## Exercise directions
Transcribe word for word the section of the records below that opens with the line containing "Mark Zuckerberg is" and closes with the line containing "Peppermint Essential Oil"; drop every picture.

## Material for the task
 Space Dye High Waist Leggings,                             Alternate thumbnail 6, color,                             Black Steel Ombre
* * *
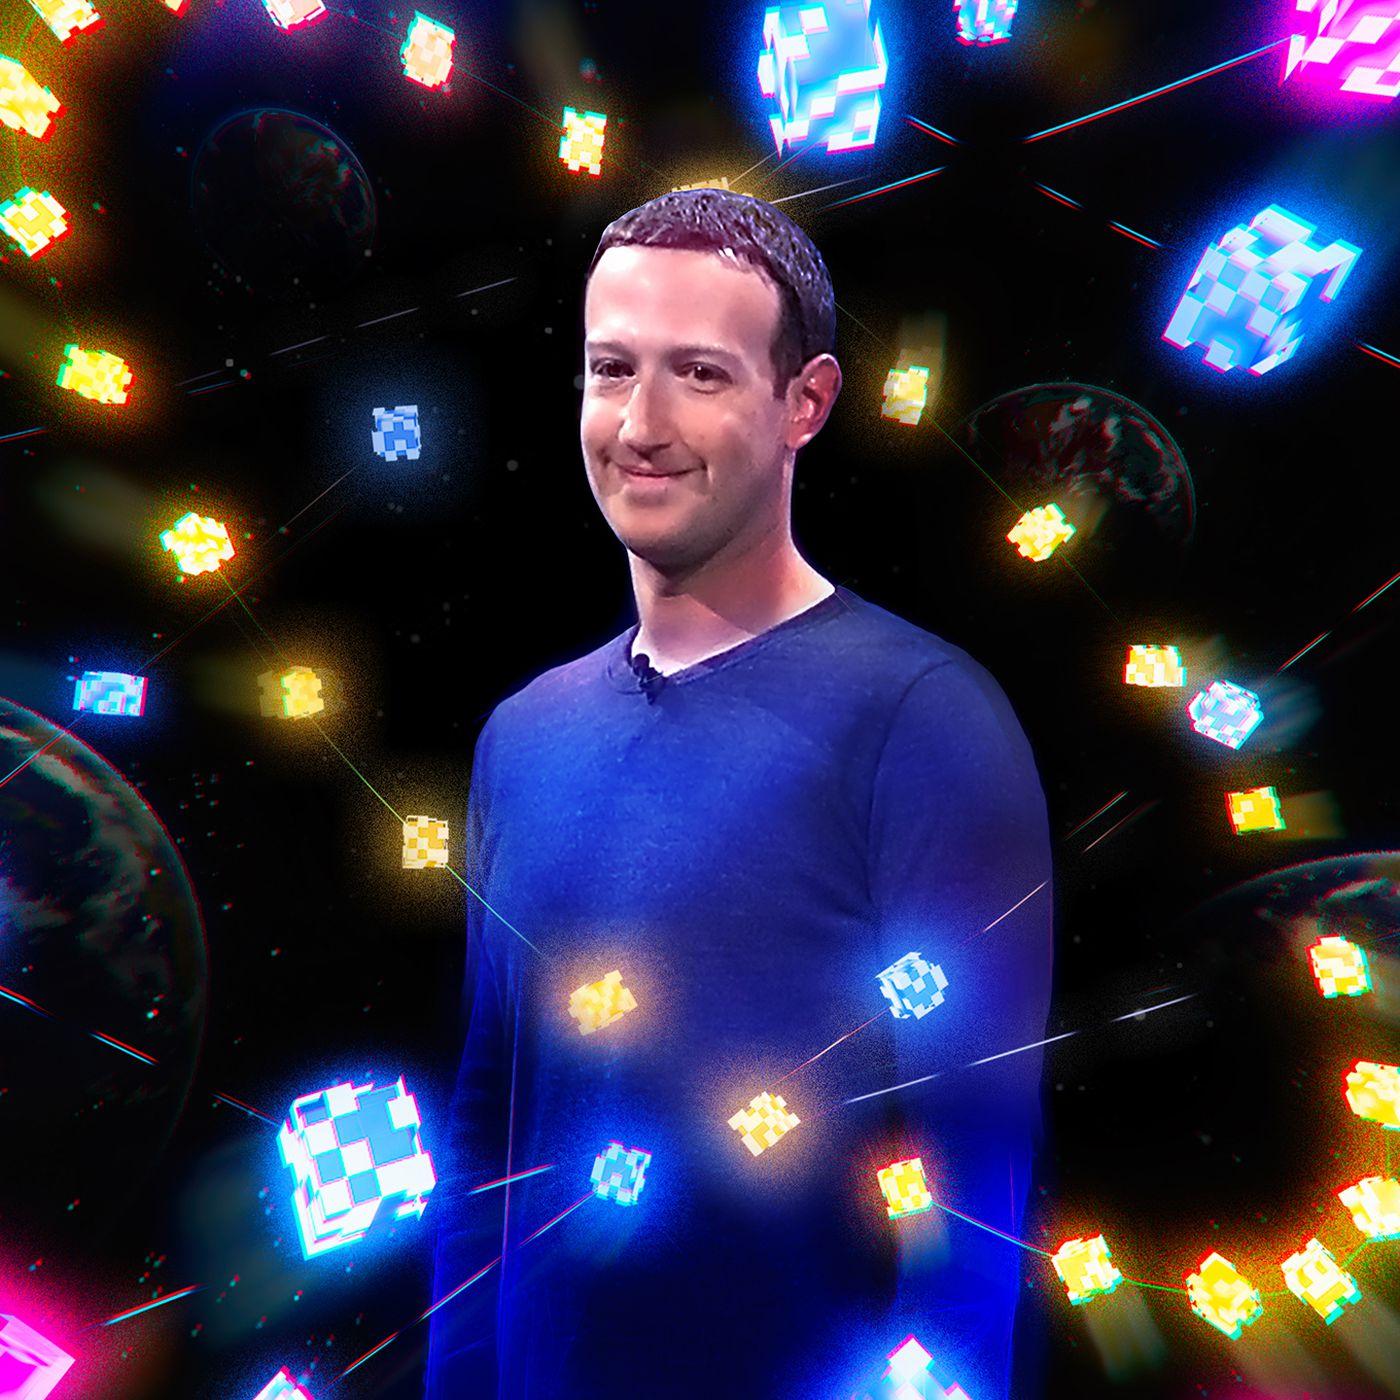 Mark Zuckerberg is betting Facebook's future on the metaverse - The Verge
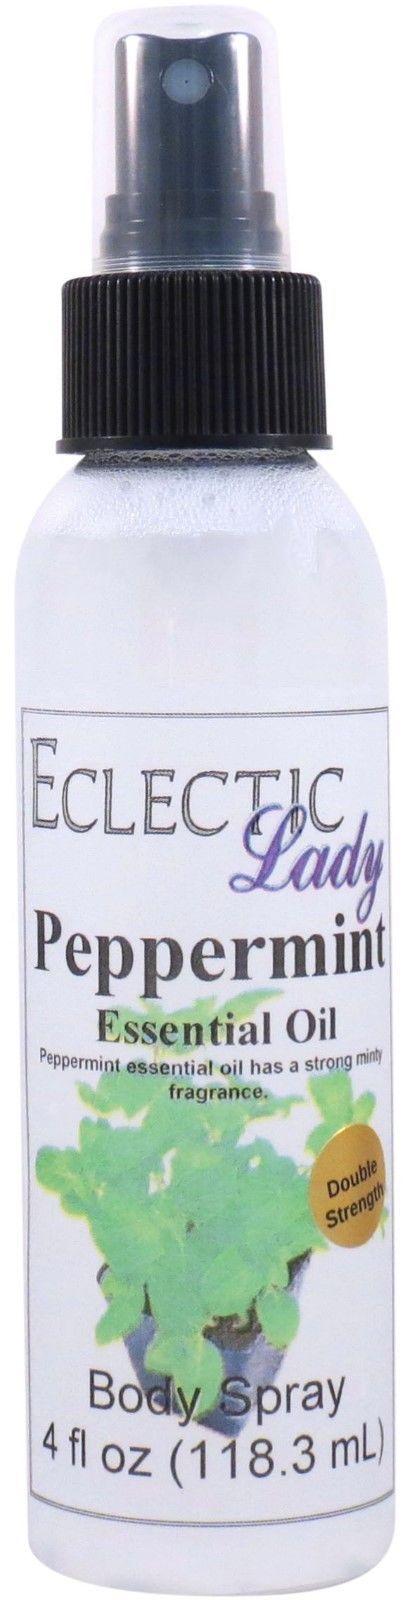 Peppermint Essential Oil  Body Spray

## Answer to this problem
 Mark Zuckerberg is betting Facebook's future on the metaverse - The Verge
 Peppermint Essential Oil  Body Spray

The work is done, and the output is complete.